_Supplied information_.
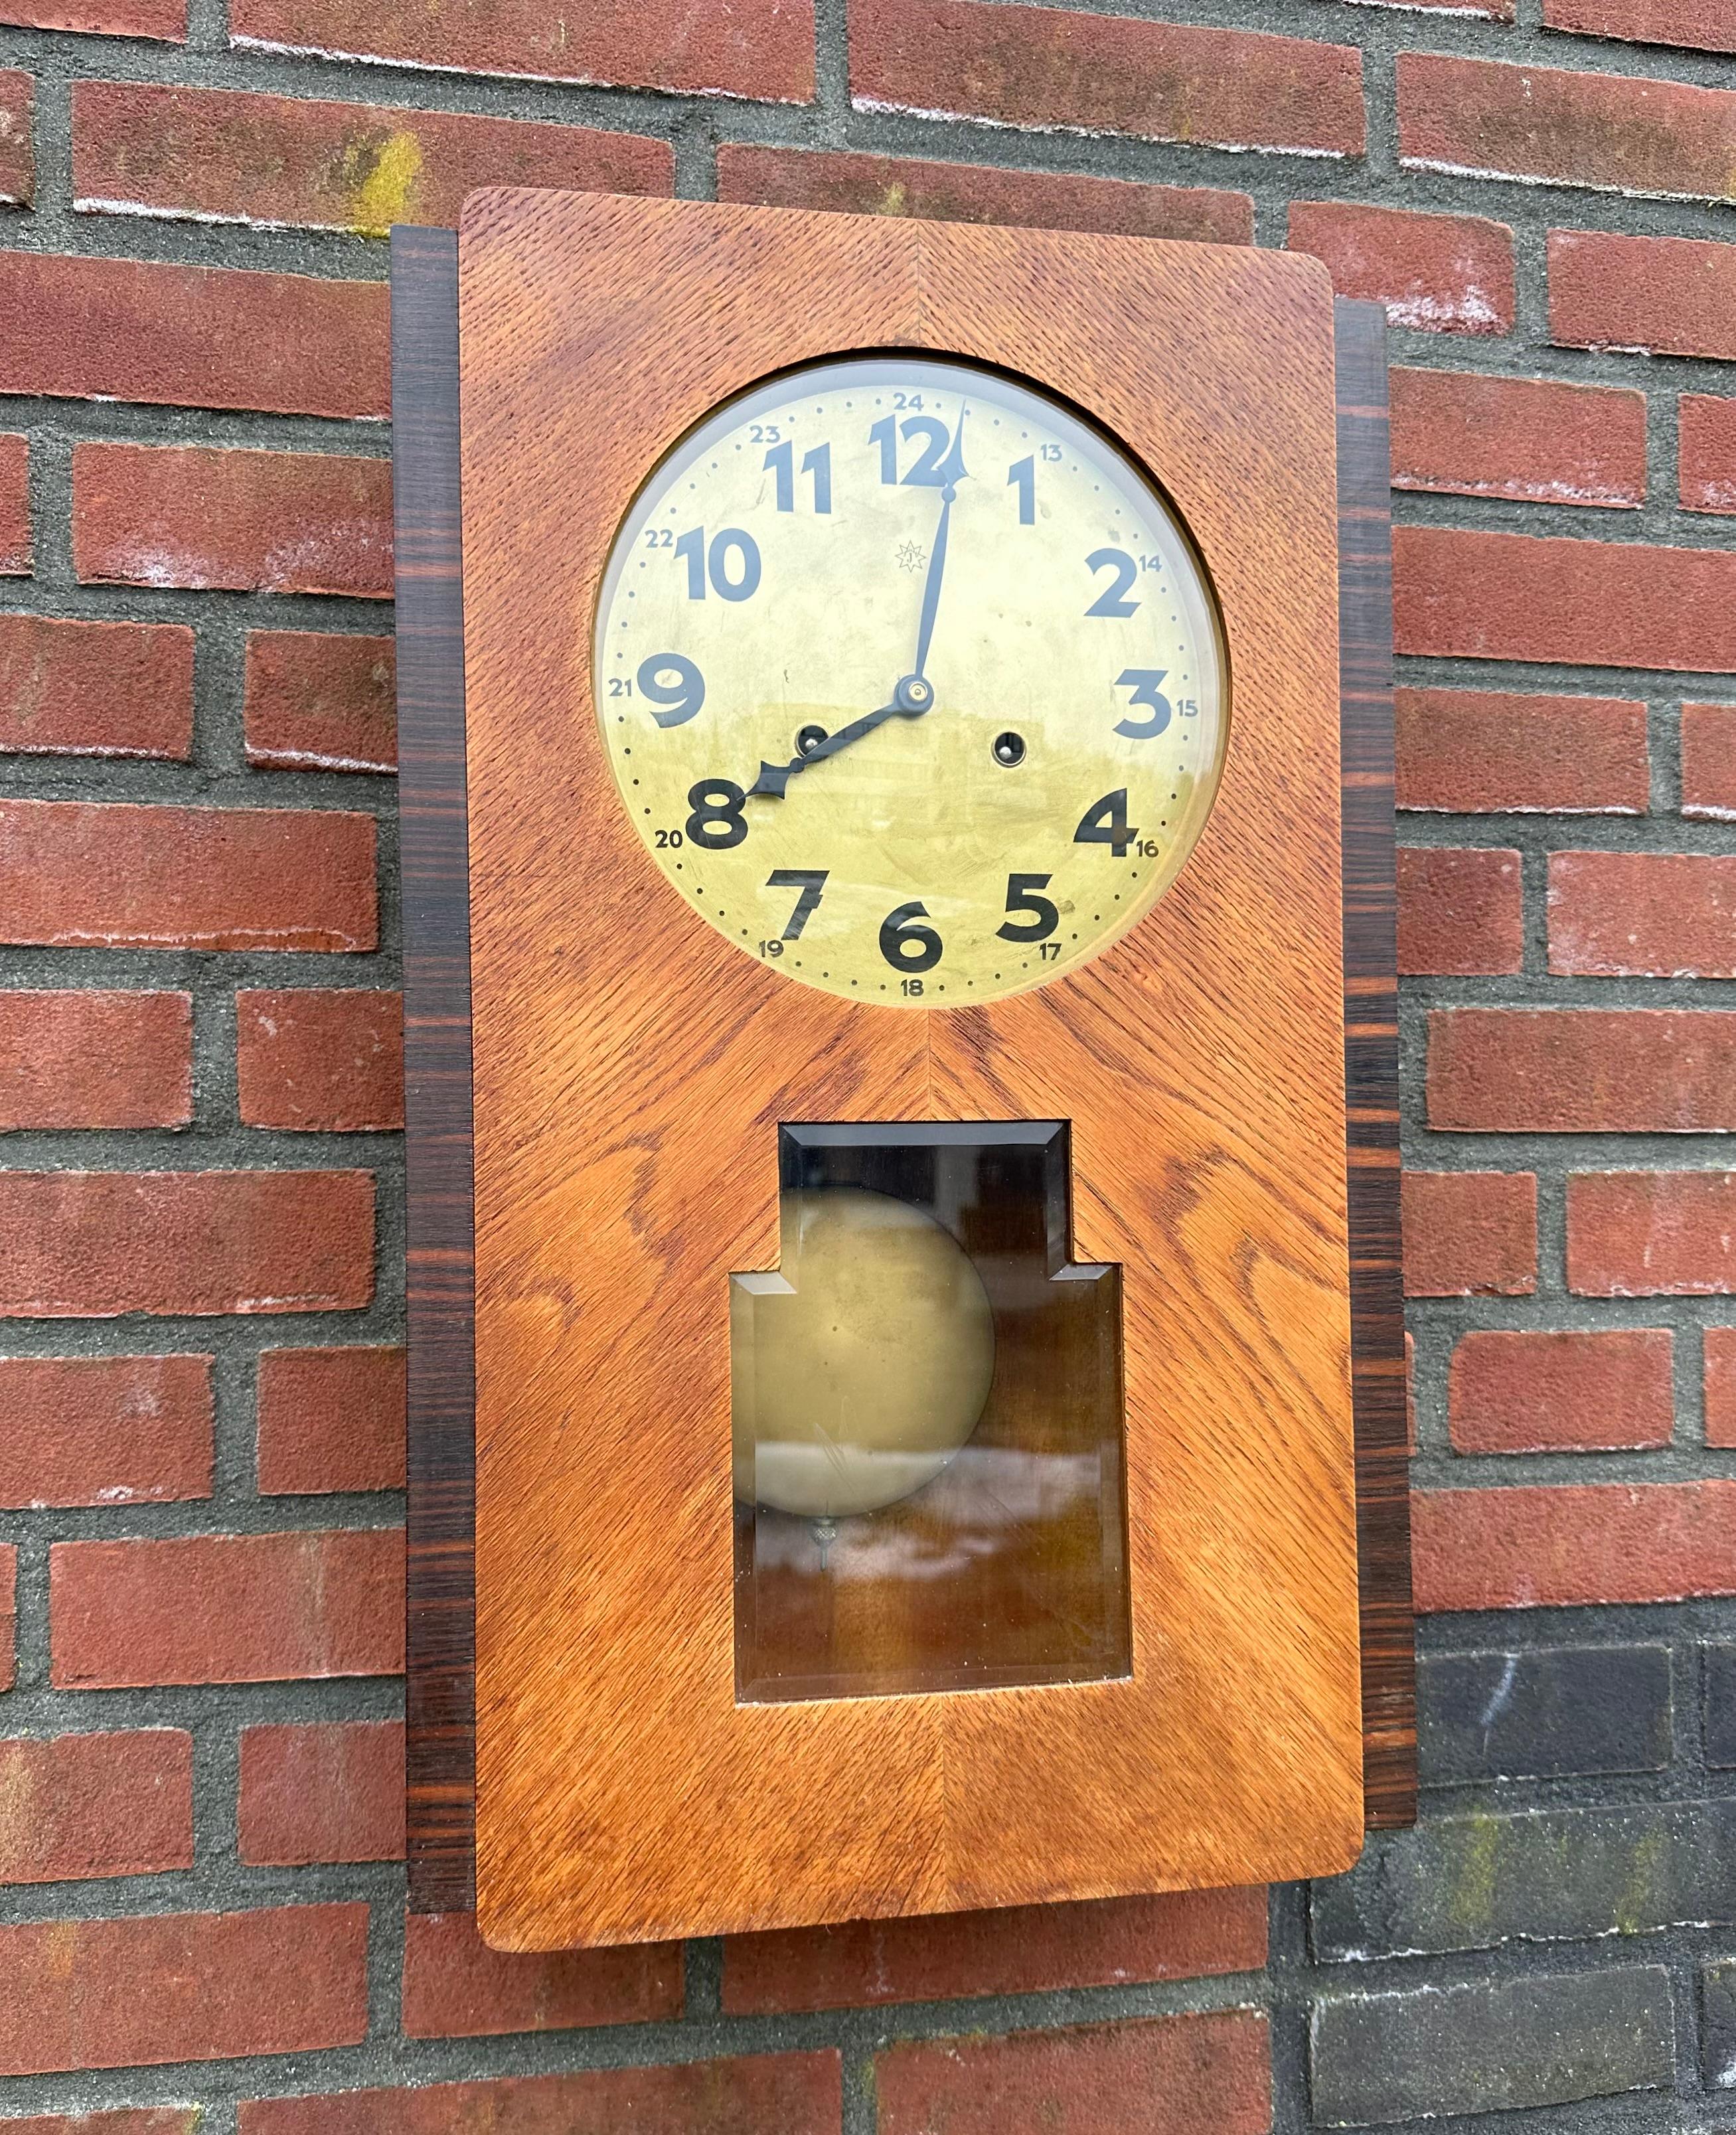 Early 20th century, great condition Dutch Arts & Crafts wall clock with original beveled and convex glass windows.

Over the years we have sold a few dozen Arts & Crafts table clocks. They were all beautiful and unique in design, but they ARE out
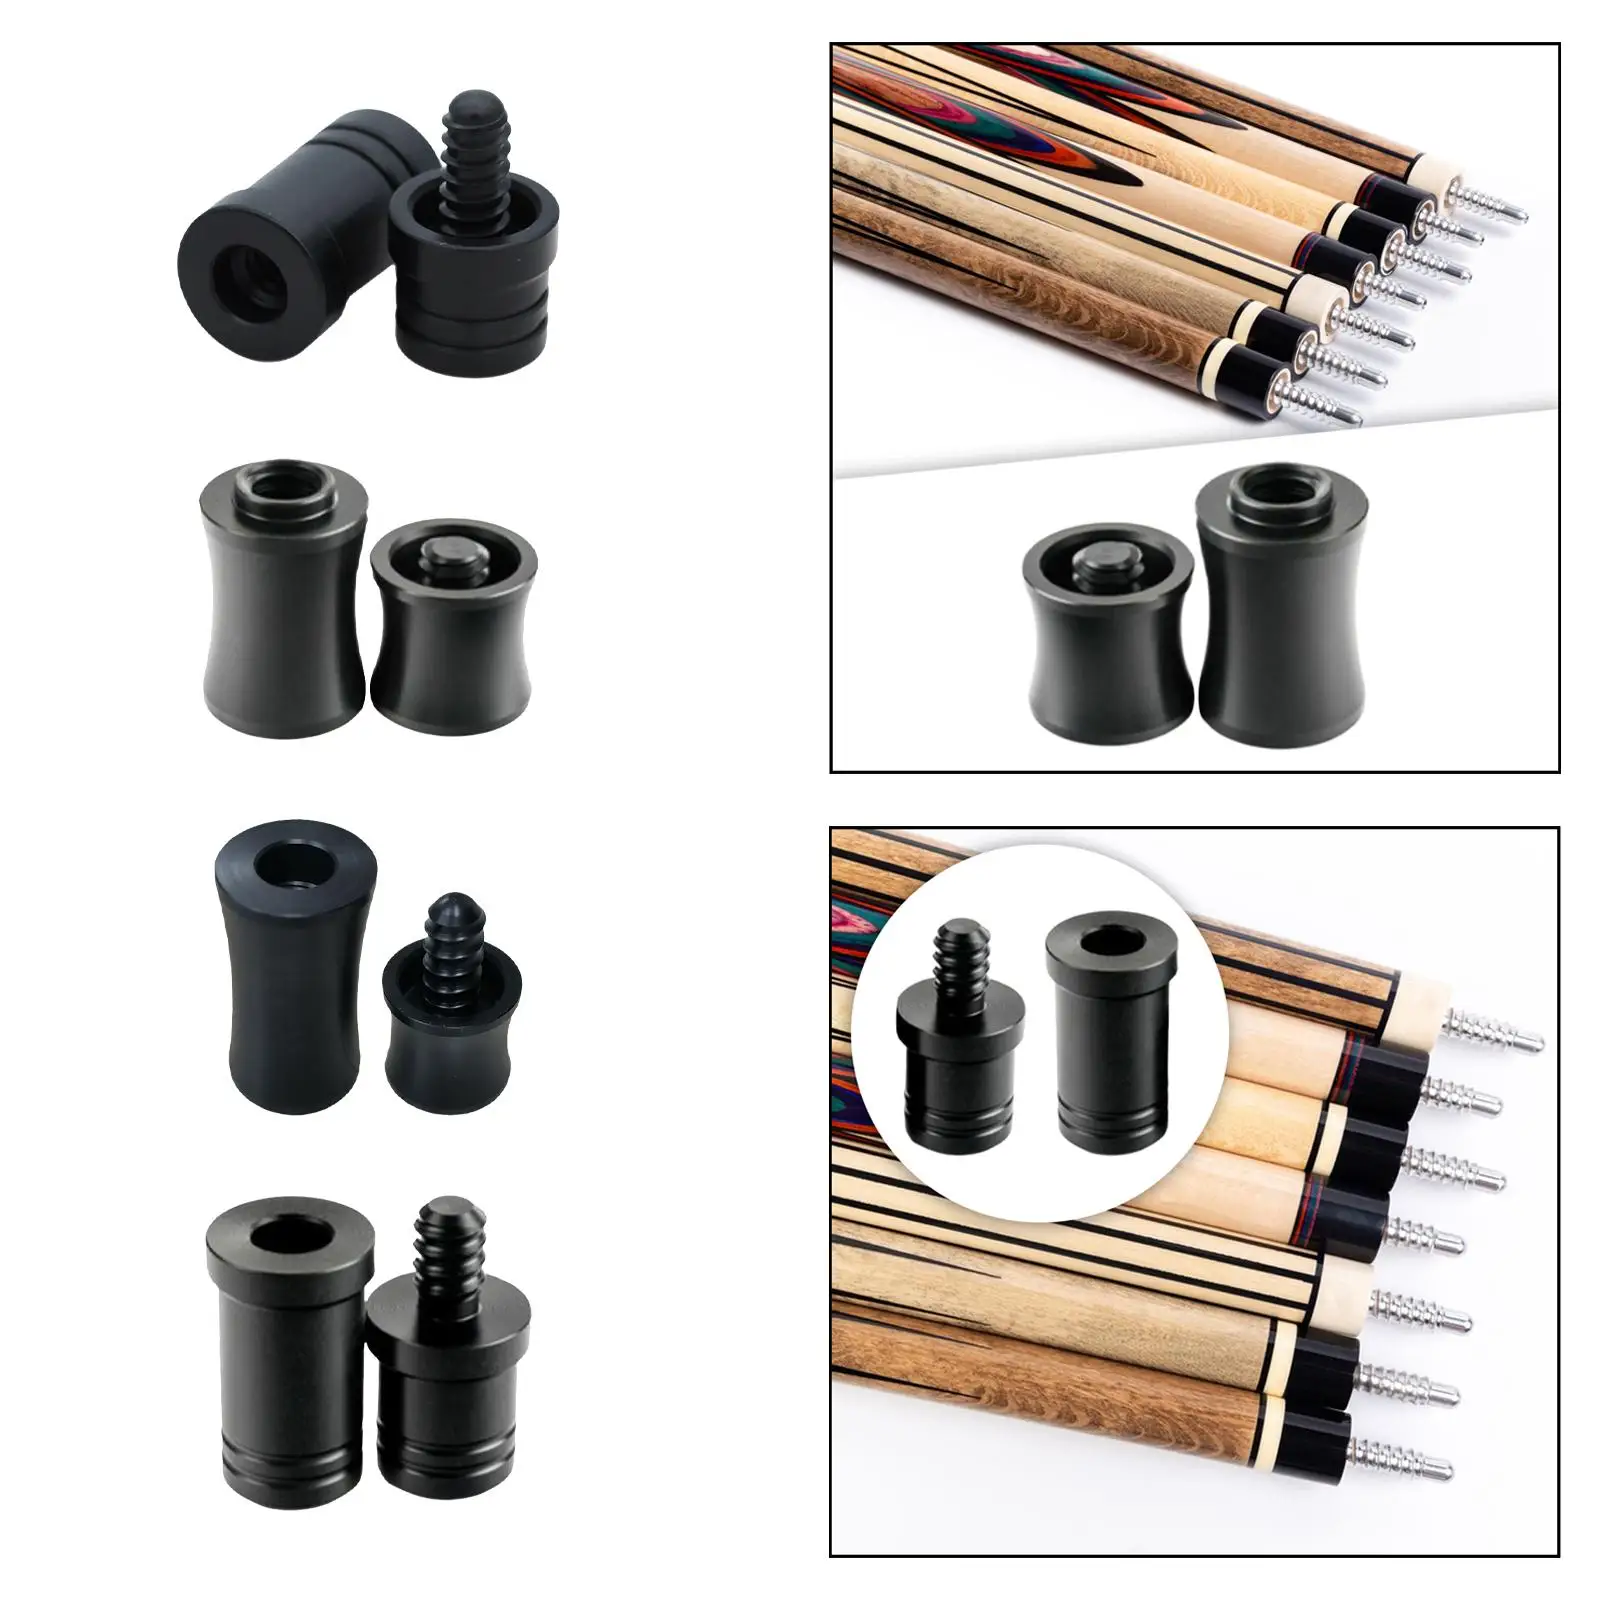 Billiard Cue Joint Protector Protect Thread Joint Billiard Cue Joint Cap Protect

_Exercise requirements_.
From the data above, write out everything exactly except the pictures.

_Completed exercise_.
 Early 20th century, great condition Dutch Arts & Crafts wall clock with original beveled and convex glass windows.

Over the years we have sold a few dozen Arts & Crafts table clocks. They were all beautiful and unique in design, but they ARE out
 Billiard Cue Joint Protector Protect Thread Joint Billiard Cue Joint Cap Protect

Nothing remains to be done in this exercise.